■ Dataset extract

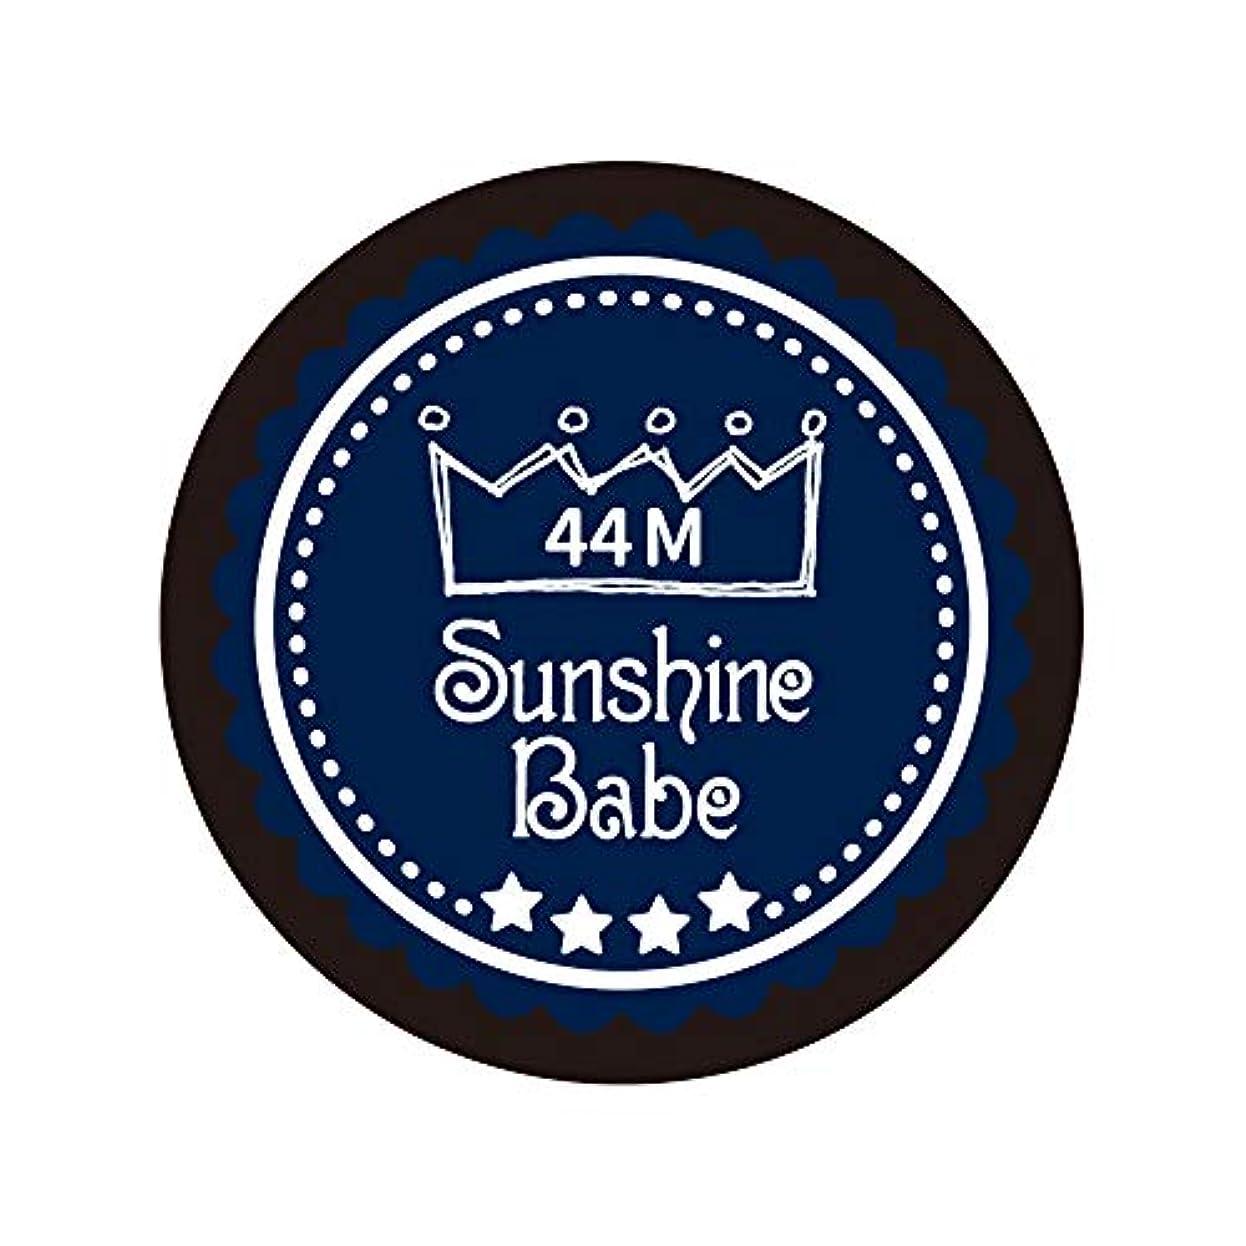 墓兄実証するSunshine Babe カラージェル 44M クラシックネイビー 4g UV/LED対応
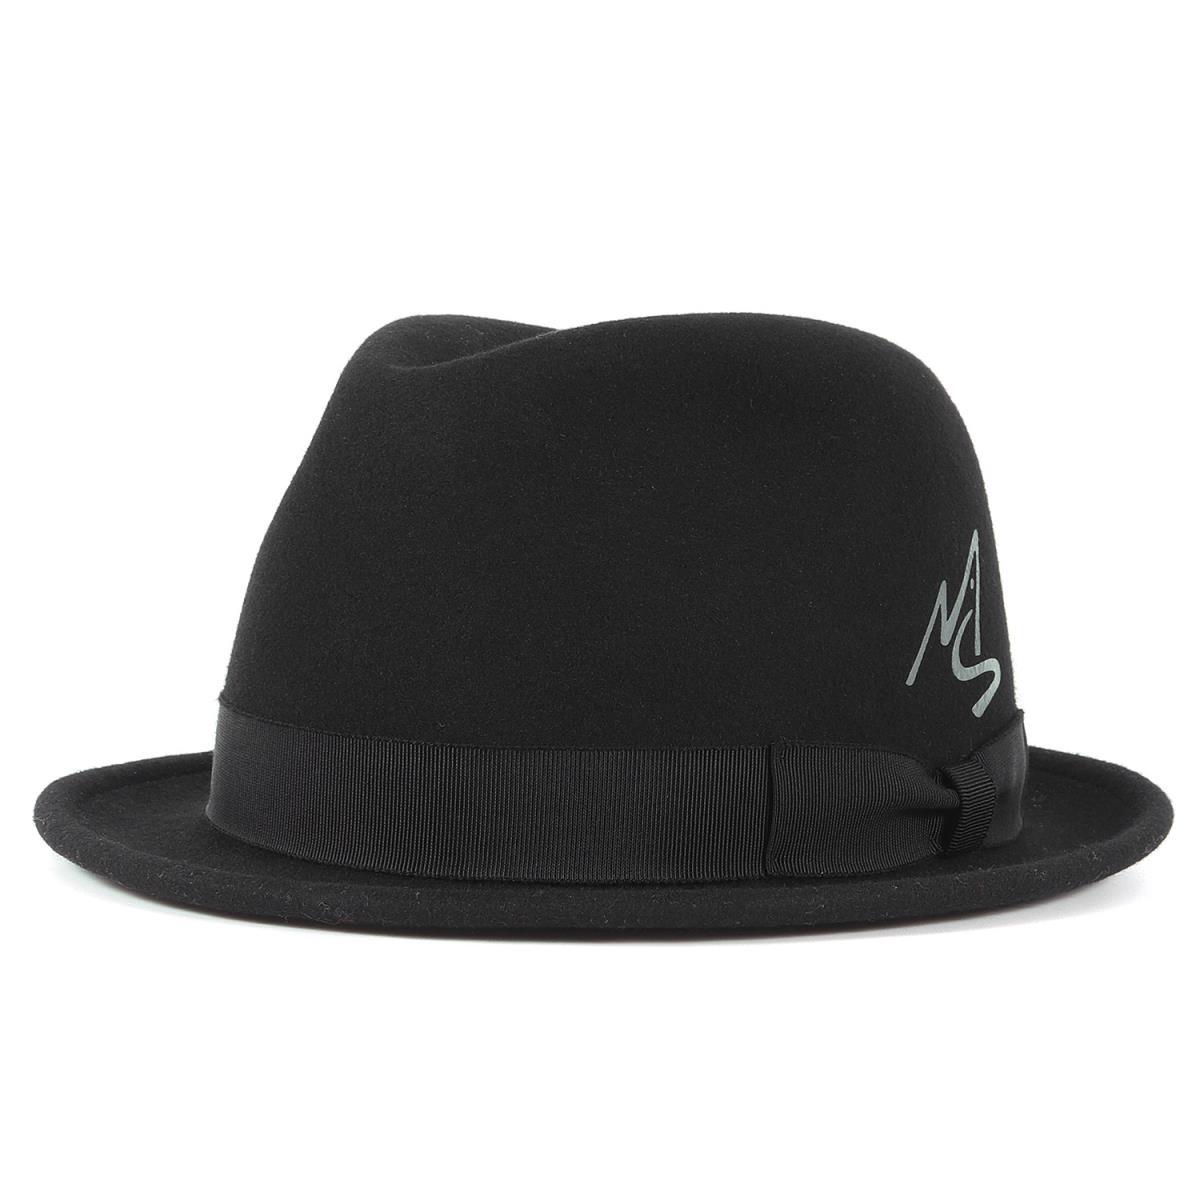 MASSES マシス ハット 18AW アイコンマーク ウール フェルト ハット FELT HAT ブラック M 【メンズ】【K2472】【あす楽☆対応可】
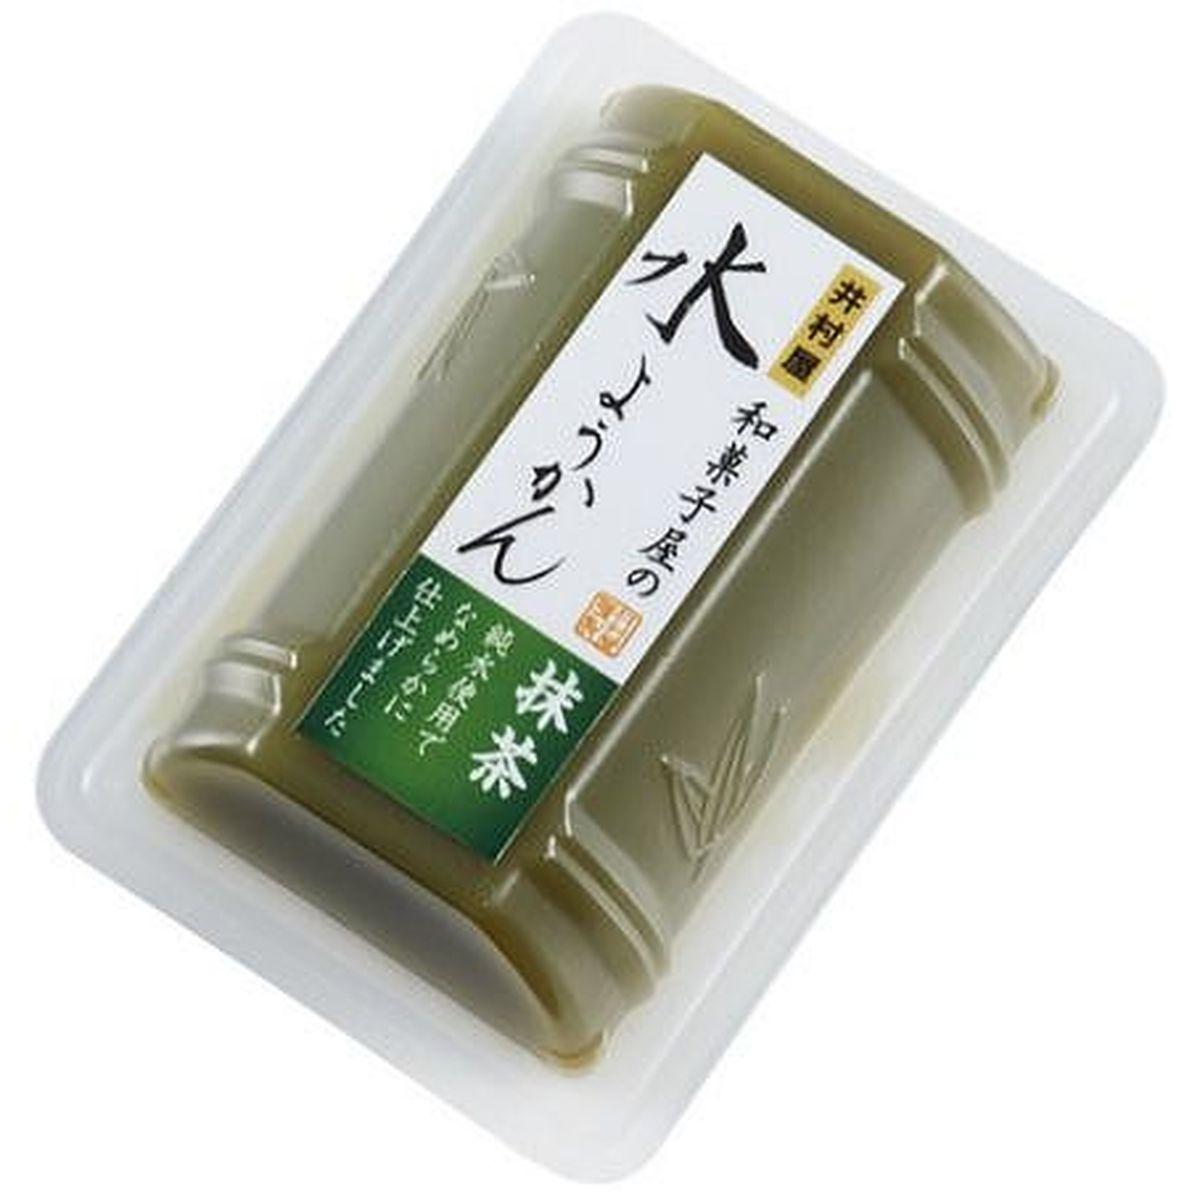 【送料無料】【10個入り】井村屋 和菓子屋の水ようかん抹茶 83g
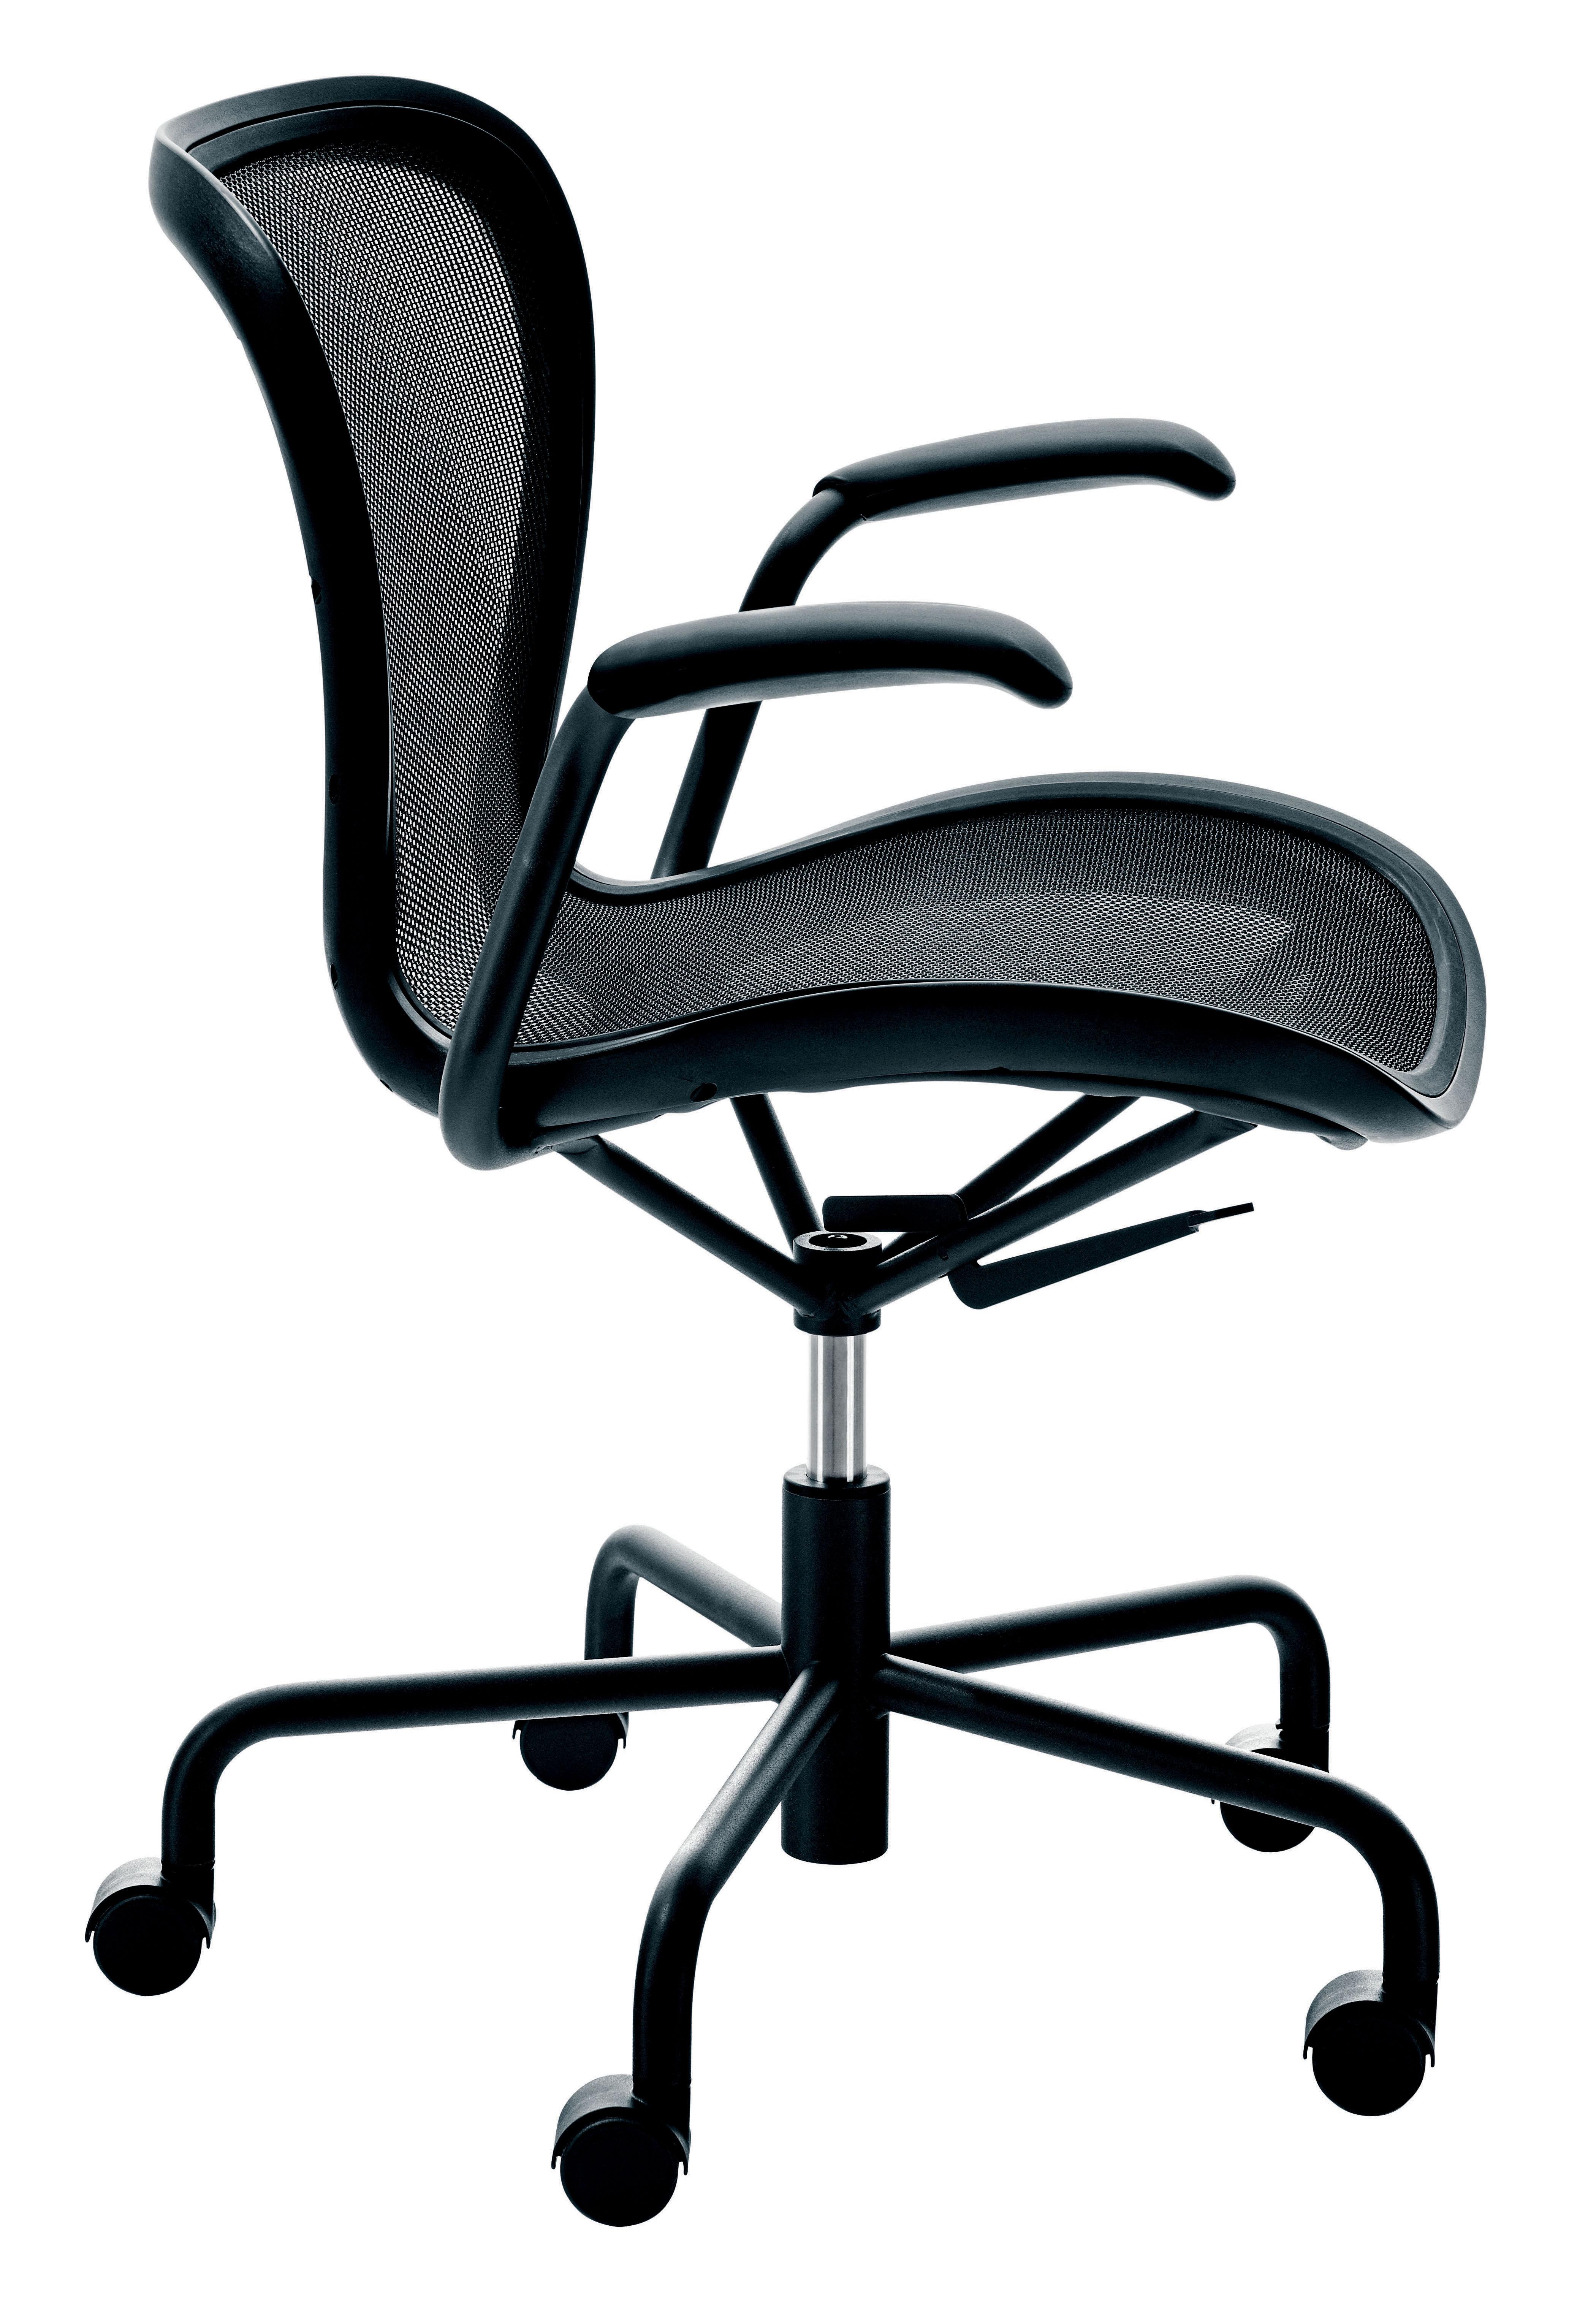 Möbel - Möbel für Teens - Annett Sessel mit Rollen - Magis - Schwarz / Gestell: schwarz - gefirnister Stahl, Netzgewebe, Polypropylen

■ Exercise requirements
A faithful, picture-free copy of the material is what this task asks for.

■ Result of the task
 墓兄実証するSunshine Babe カラージェル 44M クラシックネイビー 4g UV/LED対応
 MASSES マシス ハット 18AW アイコンマーク ウール フェルト ハット FELT HAT ブラック M 【メンズ】【K2472】【あす楽☆対応可】
 【送料無料】【10個入り】井村屋 和菓子屋の水ようかん抹茶 83g
 Möbel - Möbel für Teens - Annett Sessel mit Rollen - Magis - Schwarz / Gestell: schwarz - gefirnister Stahl, Netzgewebe, Polypropylen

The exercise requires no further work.